RICHMOND, VA (WWBT) - Driving with a disability isn't rare anymore. But, it is very expensive to make happen.
We've been following 23-year-old Kionna Jones's journey ever since a shooting left her paralyzed. She tells On Your Side Investigator Diane Walker she needs help getting around.
We've seen Kionna accomplish so much over 10 years. She's shown others how to advocate for themselves. She graduated college, got her driver's license, and now she could use some help. Kionna sent us video of her driving on the interstate for the first time with her instructor in a modified state training vehicle. Her reaction was priceless, "Mom do you see me? OMG. This is crazy. This is wild. God is good."
She passed the state's rigorous driver training but she still isn't fully independent. The only thing stopping Kionna from hoisting herself into driver seat instead of the passenger side is having a vehicle of her own. Everywhere Kionna goes a friend or family must also go.

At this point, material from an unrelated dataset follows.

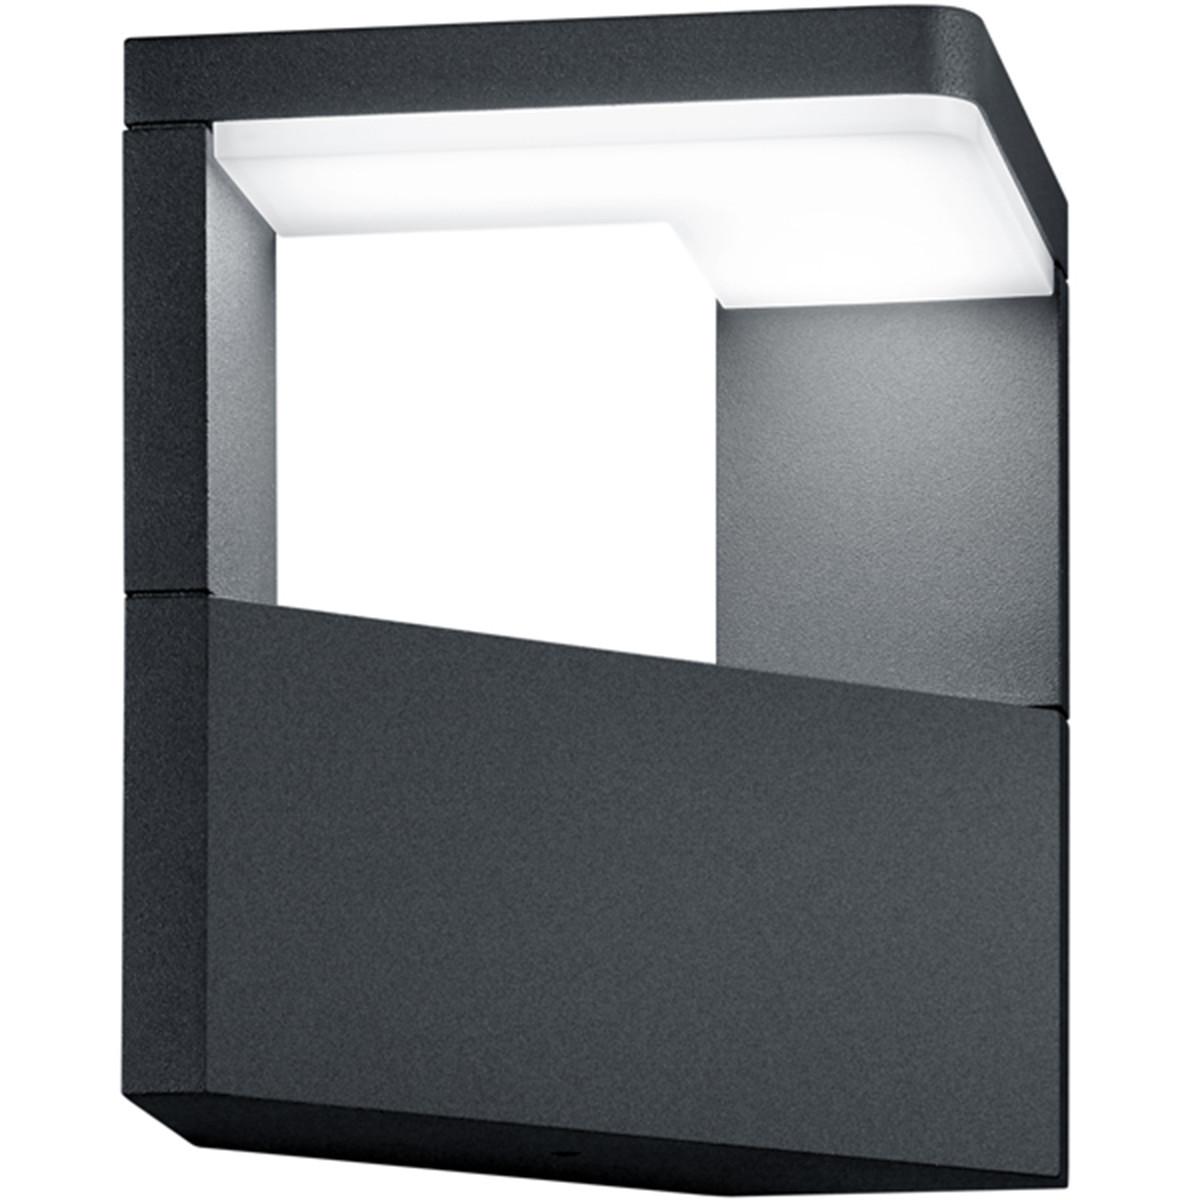 LED Tuinverlichting - Tuinlamp - Trion Gangy - Wand - 9W - Mat Zwart - Aluminium

"I'm going to be more independent. That's my next goal to be fully independent. I wouldn't have to be on someone else's time. I can get any job that I want to get," she said.
Right now, Kionna works with children at New Beginnings Daycare.Social work is her passion. She's looking for a job in the field and has an answer for every challenge.
"They might think what can you do for me? I had that in an internship. What can she do she's in a wheelchair? I'm here to help you in any way that I can," she explained.
After she lost her ability walk Kionna was depressed and says her emotions are still sometimes raw over a senseless shooting 10 years ago over a pair of sunglasses.
"I'm not going to say you took my life away. But you took what I love to do away," Kionna said through a flood of tears. "I like to walk. I love to dance. You know I still get around but everything is different."
She doesn't hate the man who shot her but she's still working through it with counseling. Kionna is focused on doing social work and getting a vehicle so she can.
"I would have more opportunities. I would be more independent. and honestly to be a social worker I have to help myself first before I can help anyone else," she said.
A Dodge van with hand controls, a twist seat and lower floor conversion. Ryan Green with the Mobility Center of Virginia says he uses similar equipment and the modifications are a perfect fit for Kionna.
"This is going to give her independence. the ability to support her own lifestyle. hang out with her friends and come and go as she pleases," Green said.